Alternatives Considered
- Before-split cross-source positive dedup: rejected — cross-source positive dedup requires a notion of “which fold” since LODO assigns sources to test differently per fold. Post-split per-fold cleanup is clearer and yields the same end-state with less ambiguity.
- Tolerate the leakage with disclosure: rejected — ADR-016 Q3 says “no exact-hash and no high-cosine train-test overlap” is a HARD-LOCKED invariant. Tolerating ~0.25% per-split leakage would compromise the locked invariant.
- Drop EXACT-hash only; tolerate cosine: rejected — same hard-lock rationale. The cosine threshold (0.85) is the same as the leakage scan threshold; consistency matters.
- Higher cleanup threshold (0.90): rejected — would leave the 0.85-0.90 band of near-paraphrases as leaked. The 0.85 threshold is the locked leakage threshold per ADR-016 Q3.

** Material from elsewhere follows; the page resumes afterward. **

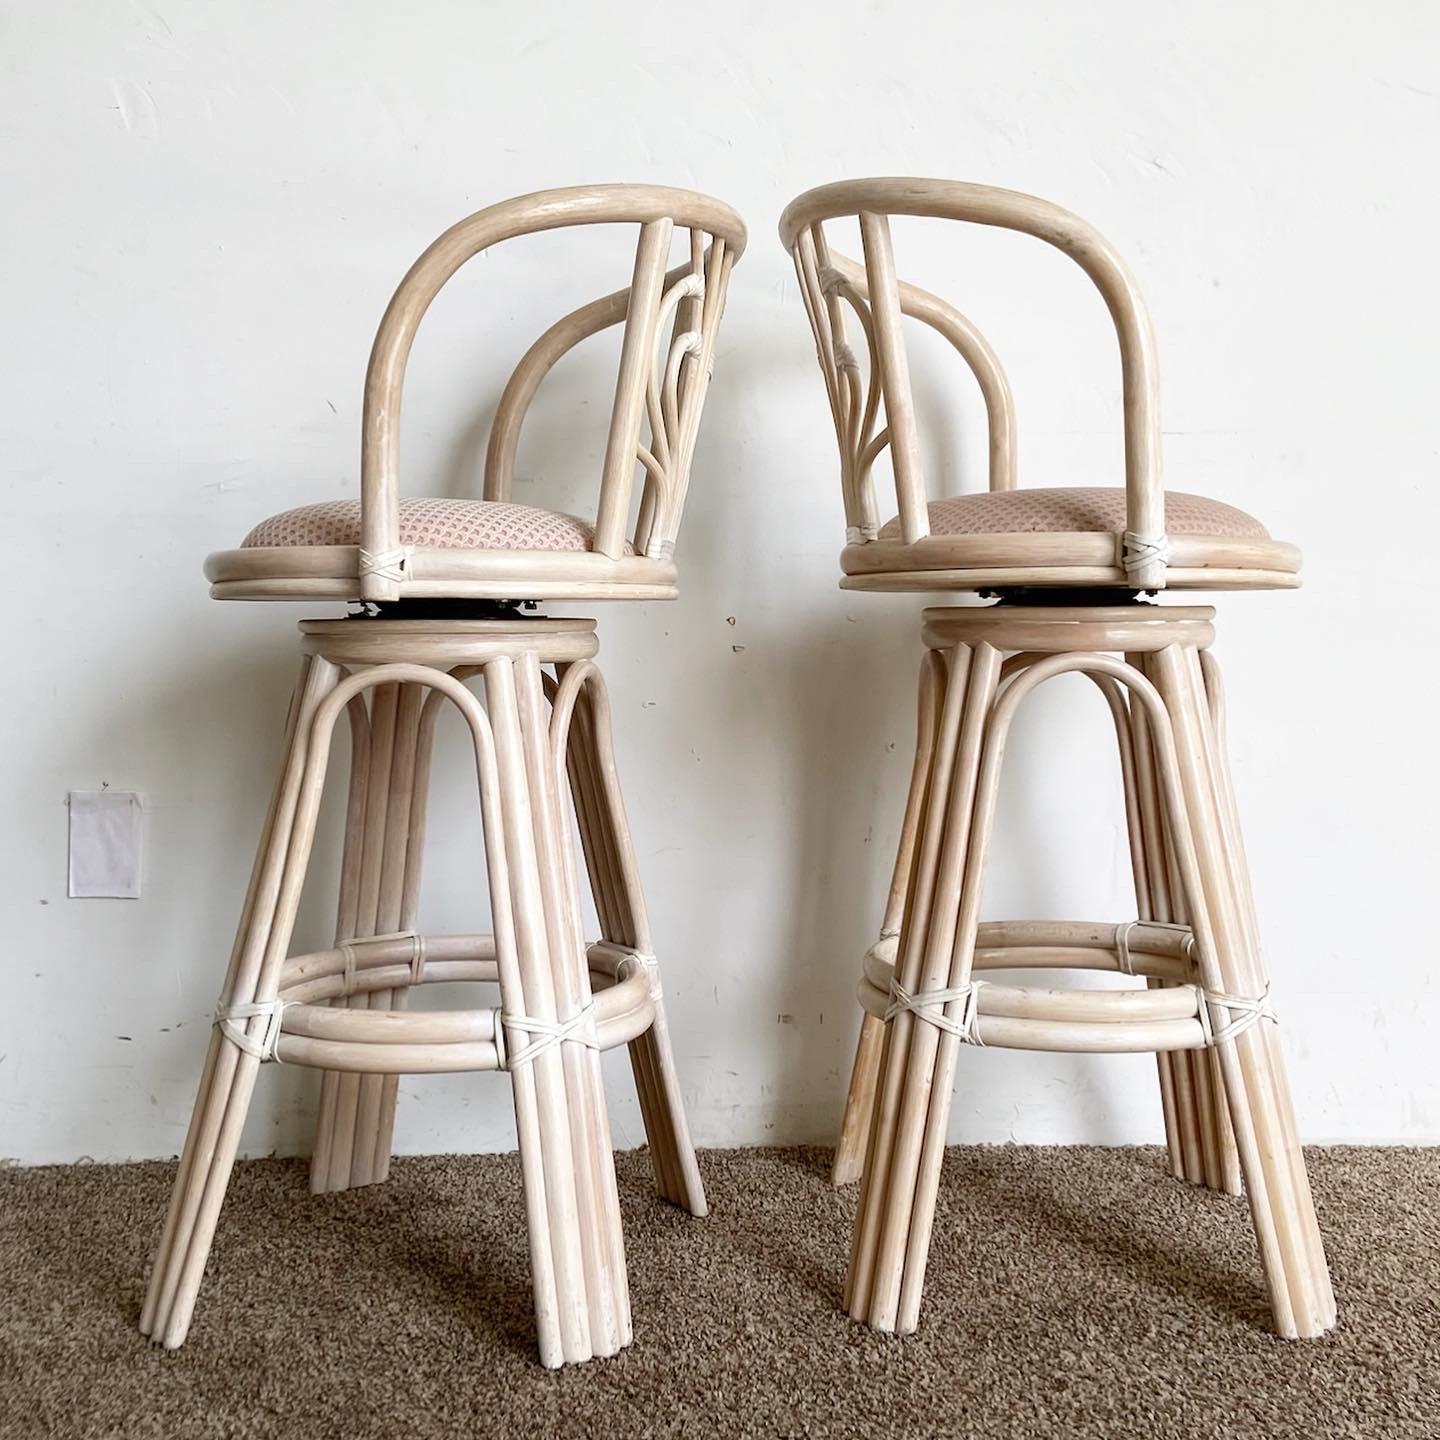 Experience the allure of boho chic with this remarkable set of 4 vintage bamboo rattan swivel counter stools. Each stool boasts a delightful washed pickled pink finish, perfectly complemented by sculpted backrests. Elevate your space with style and

- Drop test rows instead of train rows: rejected — test = held-out source’s full pool per LODO Q1; dropping test rows would shrink the test set and violate LODO’s “test on held-out source” definition. Dropping train rows preserves LODO test integrity.
References
- ADR-016 (data design bundle — Q3 hard-locked leakage invariant + Q4 within-source dedup + Q5 cross-source benign dedup)
- ADR-041 (Phase 1 implementation bundle — Q7 per-fold parquet materialization)
- ADR-042 (LLM-pre-label dedup-holdout bootstrap)
Transcript
See transcripts/2026-05-16__phase-1-implementation.md for the conversation that led to this decision (post-Commit-5 pipeline empirical finding).